Problems arise when these two models—push and pull—coexist. Push uses a callback pattern that "gets called when data arrives," while pull uses an iterator pattern that "returns when requested," so the timing doesn't match.
If you try to connect them directly, data might arrive when the SDK hasn't yet asked for "next," or conversely, the SDK might be waiting but no data has arrived yet.
Therefore, a mechanism like a queue is necessary.

This app has three push-pull boundaries. The cylinder shapes in the following diagram (PcmQueue / TranscribeAudioQueue / TranscribeEventQueue) represent these boundaries. Arrows flowing into cylinders represent push, and arrows flowing out represent pull.

System Architecture and Data Flow

Let's first understand the overall system architecture and data flow.

The cylinder shapes in the diagram (PcmQueue / TranscribeAudioQueue / TranscribeEventQueue) are the main focus of this article. All three function as bridges converting push to pull using the same pattern. Next, we'll look at the design of each bridge in sequence.

AudioWorklet and PcmQueue

What is AudioWorklet

To receive and process audio data from a microphone in the browser, we use the Web Audio API's AudioWorklet.

AudioWorklet is important because it operates on a dedicated thread independent from the main thread. Real-time audio processing requires timely handling that can't be done on the main thread, which is busy with DOM operations and JavaScript execution. The AudioWorklet thread is called directly by the browser's audio engine, so it's not affected by the state of the main thread.

• Reference: AudioWorklet - Web APIs | MDN

In this app, I define a PCMProcessor class that extends AudioWorkletProcessor in public/worklets/pcm-processor.js, and connect it as an AudioWorkletNode to the audio graph.

// Frontend side
await audioCtx.audioWorklet.addModule("/worklets/pcm-processor.js");
const workletNode = new AudioWorkletNode(audioCtx, "pcm-processor", {
  processorOptions: { bufferSize: 4096 },
});
const source = audioCtx.createMediaStreamSource(stream);
source.connect(workletNode);

How process() gets called

The core of AudioWorkletProcessor is the process() method.

process(inputs) {
  const input = inputs[0]?.[0] // Mono ch0, Float32Array with 128 samples
  // ...
  return true // returning false stops the processor
}

The browser's audio engine calls this automatically every 128 samples. At 48kHz, that's about once every 2.7 milliseconds.

• Reference: AudioWorkletProcessor: process() method - Web APIs | MDN

Float32 → Int16 PCM conversion

Audio samples from the microphone are in Float32 (decimal values from -1.0 to 1.0).

• Reference: AudioBuffer: getChannelData() method - Web APIs | MDN

Meanwhile, the format to send to Amazon Transcribe is signed 16-bit PCM (Little Endian).

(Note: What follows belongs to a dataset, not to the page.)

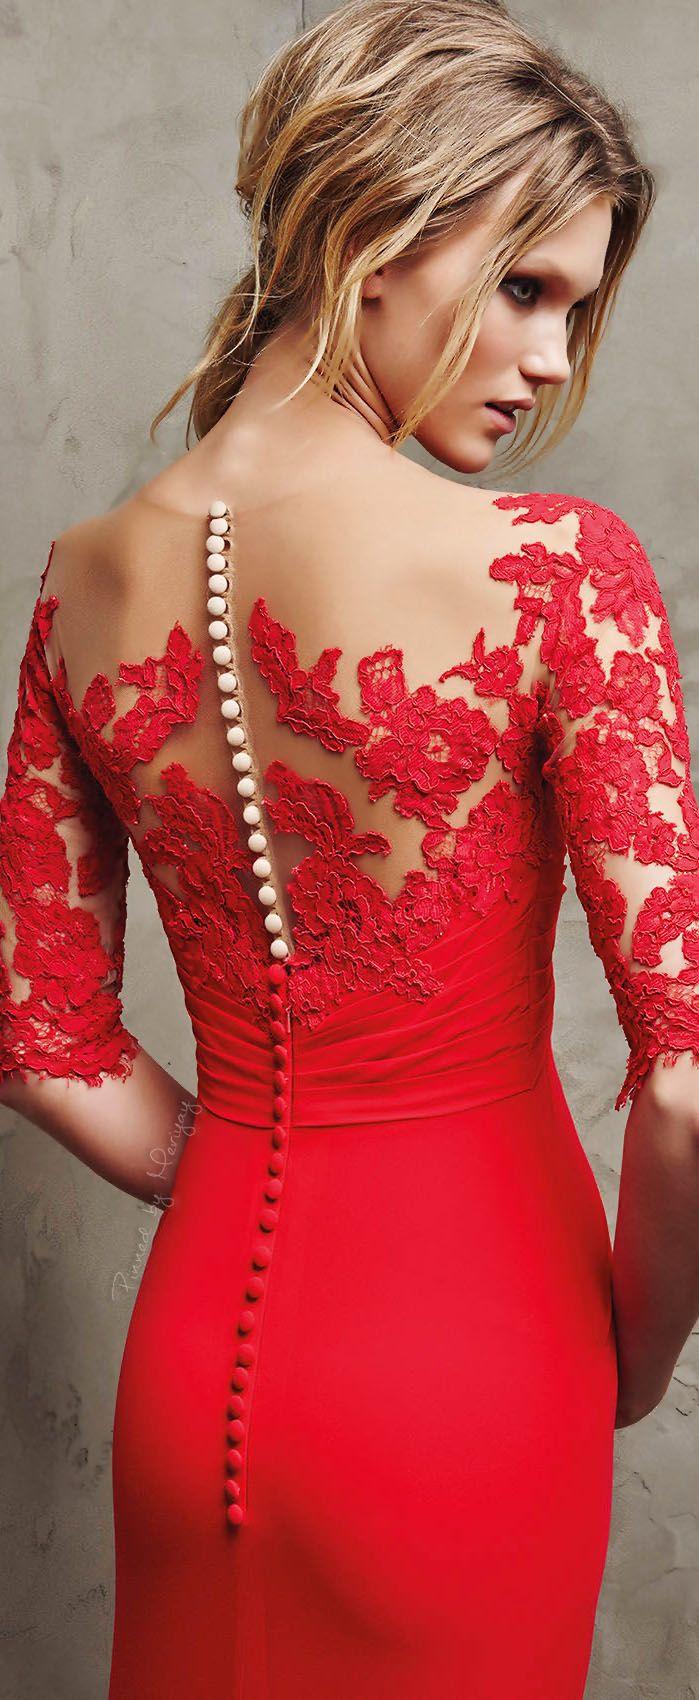 best royal and decent dresses images on pinterest classy dress

• Reference: Transcribing streaming audio - Amazon Transcribe

Since this makes the size smaller than Float32, we perform this conversion in the browser's javascript (_flush()).

_flush() {
  const pcm = new ArrayBuffer(this._offset * 2)
  const view = new DataView(pcm)
  for (let i = 0; i < this._offset; i++) {
    const s = Math.max(-1, Math.min(1, this._buffer[i]))
    // Scale Float32 (-1.0 to 1.0) to Int16 (-32768 to 32767)
    view.setInt16(i * 2, s < 0 ? s * 0x8000 : s * 0x7fff, true)
  }
  this.port.postMessage({ type: "pcm", audioData: new Uint8Array(pcm) })
  this._offset = 0
}

Sending all 128 samples each time would call postMessage too frequently, so we accumulate them in an internal buffer and send them together when 4096 samples (about 85 milliseconds) have accumulated.

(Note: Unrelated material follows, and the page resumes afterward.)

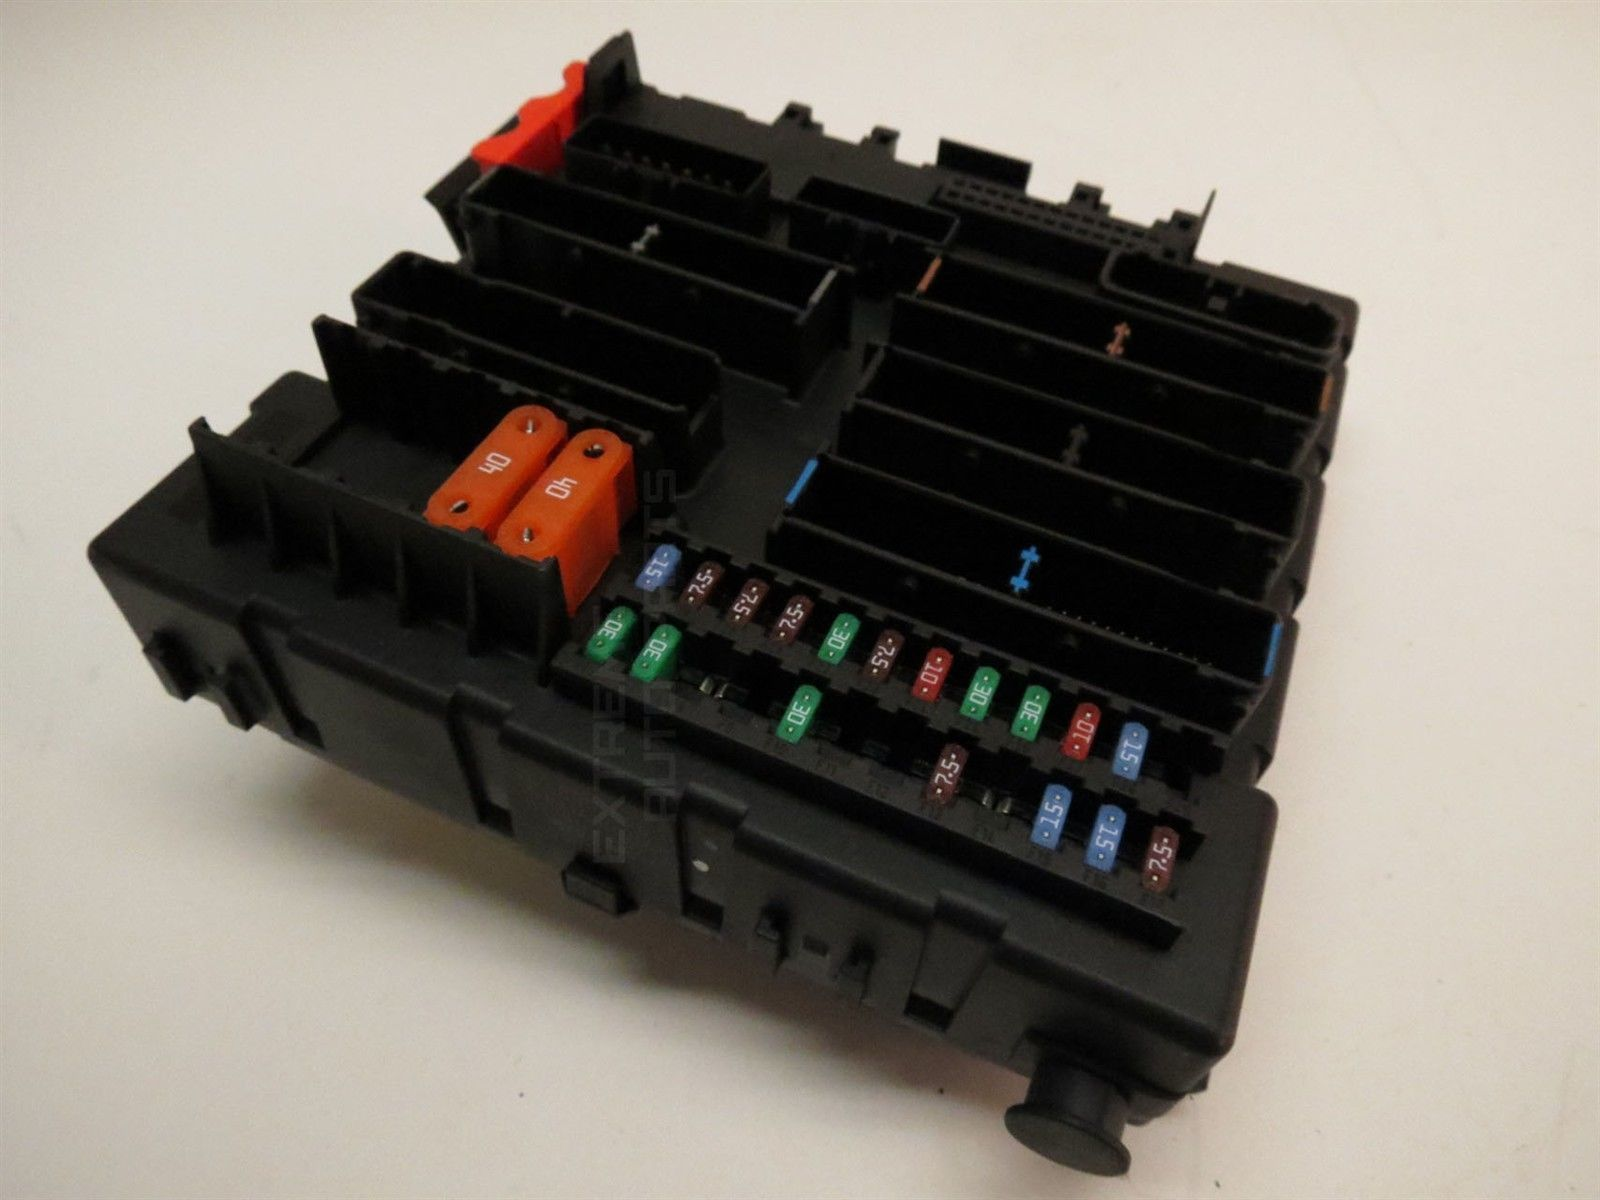 ... Saab 9-3 03-06 Rear Interior Fuse Box, In Trunk 12804330

class PCMProcessor extends AudioWorkletProcessor {
  constructor(options) {
    super()
    this._bufferSize = options.processorOptions?.bufferSize || 4096
    this._buffer = new Float32Array(this._bufferSize)
    this._offset = 0
    this._ended = false

    this.port.onmessage = (e) => {
      if (e.data.type === "end") this._ended = true
    }
  }

  process(inputs) {
    const input = inputs[0]?.[0]
    if (input) {
      let i = 0
      while (i < input.length) {
        const remaining = this._bufferSize - this._offset
        const toCopy = Math.min(remaining, input.length - i)
        this._buffer.set(input.subarray(i, i + toCopy), this._offset)
        this._offset += toCopy
        i += toCopy
        if (this._offset >= this._bufferSize) this._flush()
      }
    }
    if (this._ended) {
      if (this._offset > 0) this._flush()
      this.port.postMessage({ type: "ended" })
      return false
    }
    return true
  }

  _flush() {
    const pcm = new ArrayBuffer(this._offset * 2)
    const view = new DataView(pcm)
    for (let i = 0; i < this._offset; i++) {
      const s = Math.max(-1, Math.min(1, this._buffer[i]))
      view.setInt16(i * 2, s < 0 ? s * 0x8000 : s * 0x7fff, true)
    }
    this.port.postMessage({ type: "pcm", audioData: new Uint8Array(pcm) })
    this._offset = 0
  }
}

registerProcessor("pcm-processor", PCMProcessor)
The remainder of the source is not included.